Depois de atingir o recorde de 500 colisões em 2005, o Brasil registrou 486 notificações oficiais de batidas de aeronaves com pássaros no ano passado. Neste ano, um piloto ficou cego de um olho após seu avião atingir uma ave.
Os choques se devem à proximidade de focos de atração dos pássaros, que podem variar de detritos do próprio aeroporto a lixões, matadouros, açougues, entre outros.
As normas em vigor impedem a instalação destes estabelecimentos em uma área de 20 quilômetros em torno do aeroporto, mas o adensamento populacional tem tornado essa regra de difícil aplicação prática.
"À medida que for entranhando na cultura urbana essa necessidade de proteger aeroportos os urubus vão desaparecer", aposta Silva.

Interior
De acordo com o presidente da Abetar (Associação Brasileira das Empresas de Transporte Aéreo Regionais), Apostole Lack, a situação nos aeroportos do país menos movimentados seria ainda mais precária e delicada, pois as soluções demorariam mais.
"O povo brasileiro precisa deixar de ser tolerante e cobrar seus direitos.
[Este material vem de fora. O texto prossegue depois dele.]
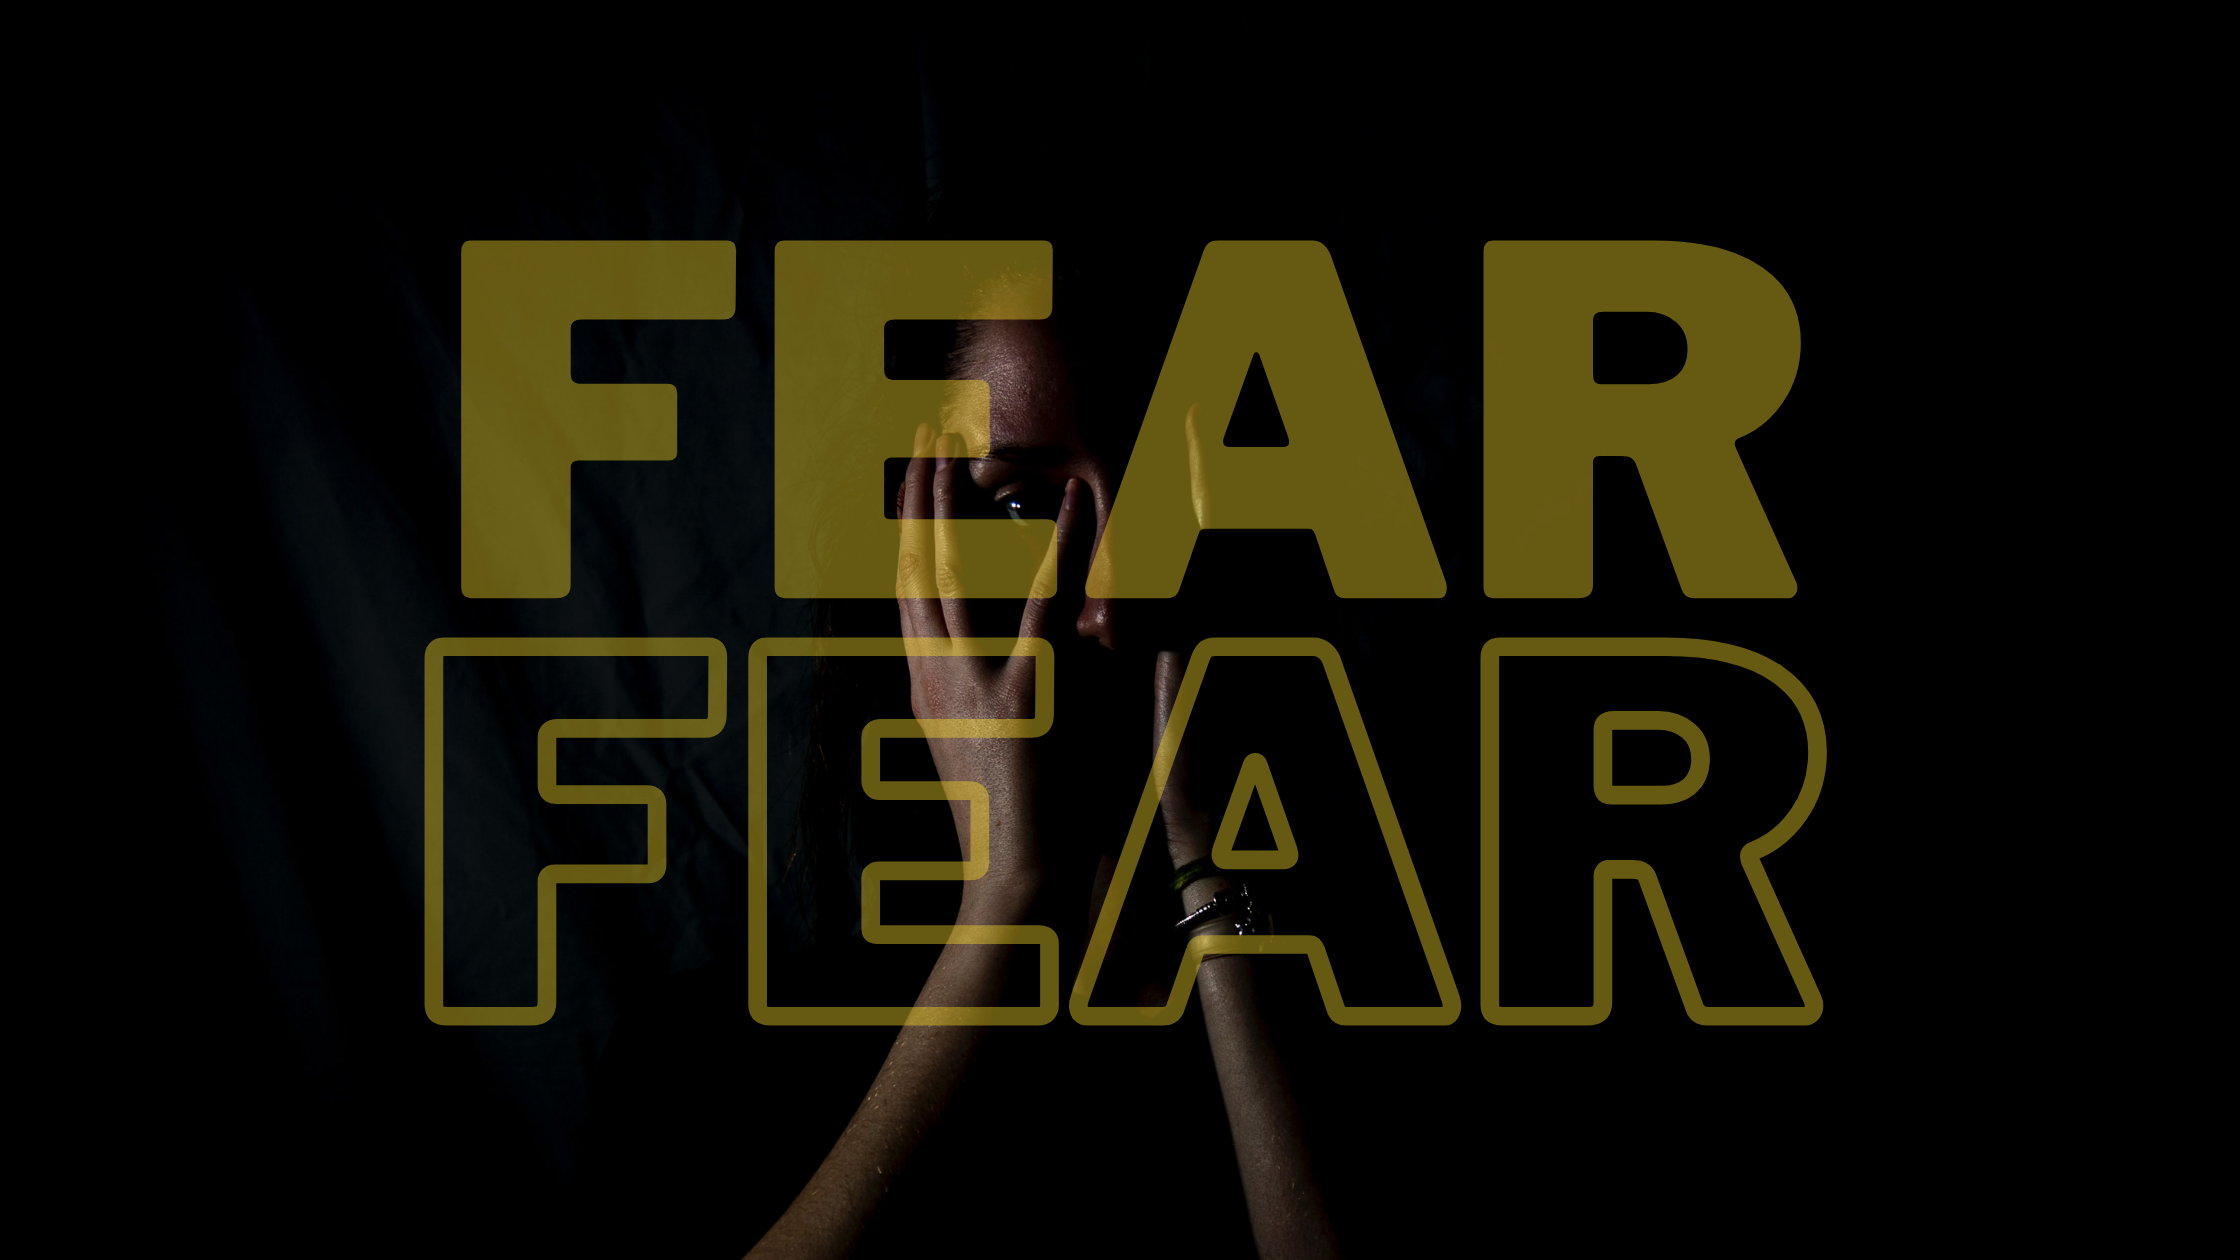 Fear-fear-2021

Na maioria das vezes, há lixão perto do aeroporto, tem pista no Brasil com cerca no final, onde de vez em quando passa vaca, passa boi."
Segundo especialistas, os aeroportos de Tefé (AM) e Montes Claros (MG) são exemplos de grandes concentrações de urubus no país. Na Amazônia, há um lixão próximo à cabeceira da pista. Em Minas Gerais, um parque próximo ao aeroporto é foco de aves e pássaros.

Responsabilidade
Para Adyr Silva, o problema é de responsabilidade municipal. Procurada pela reportagem, a CNM (Confederação Nacional dos Municípios) não se pronunciou sobre o tema.
O documento alerta ainda para a presença de torres de alta tensão e antenas no "caminho" de aproximação das aeronaves para os aeroportos.
"É caro ser perfeito, custa muito. Mas não imaginamos a perfeição do dia para a noite, precisamos é começar a tomar providências", disse Lack.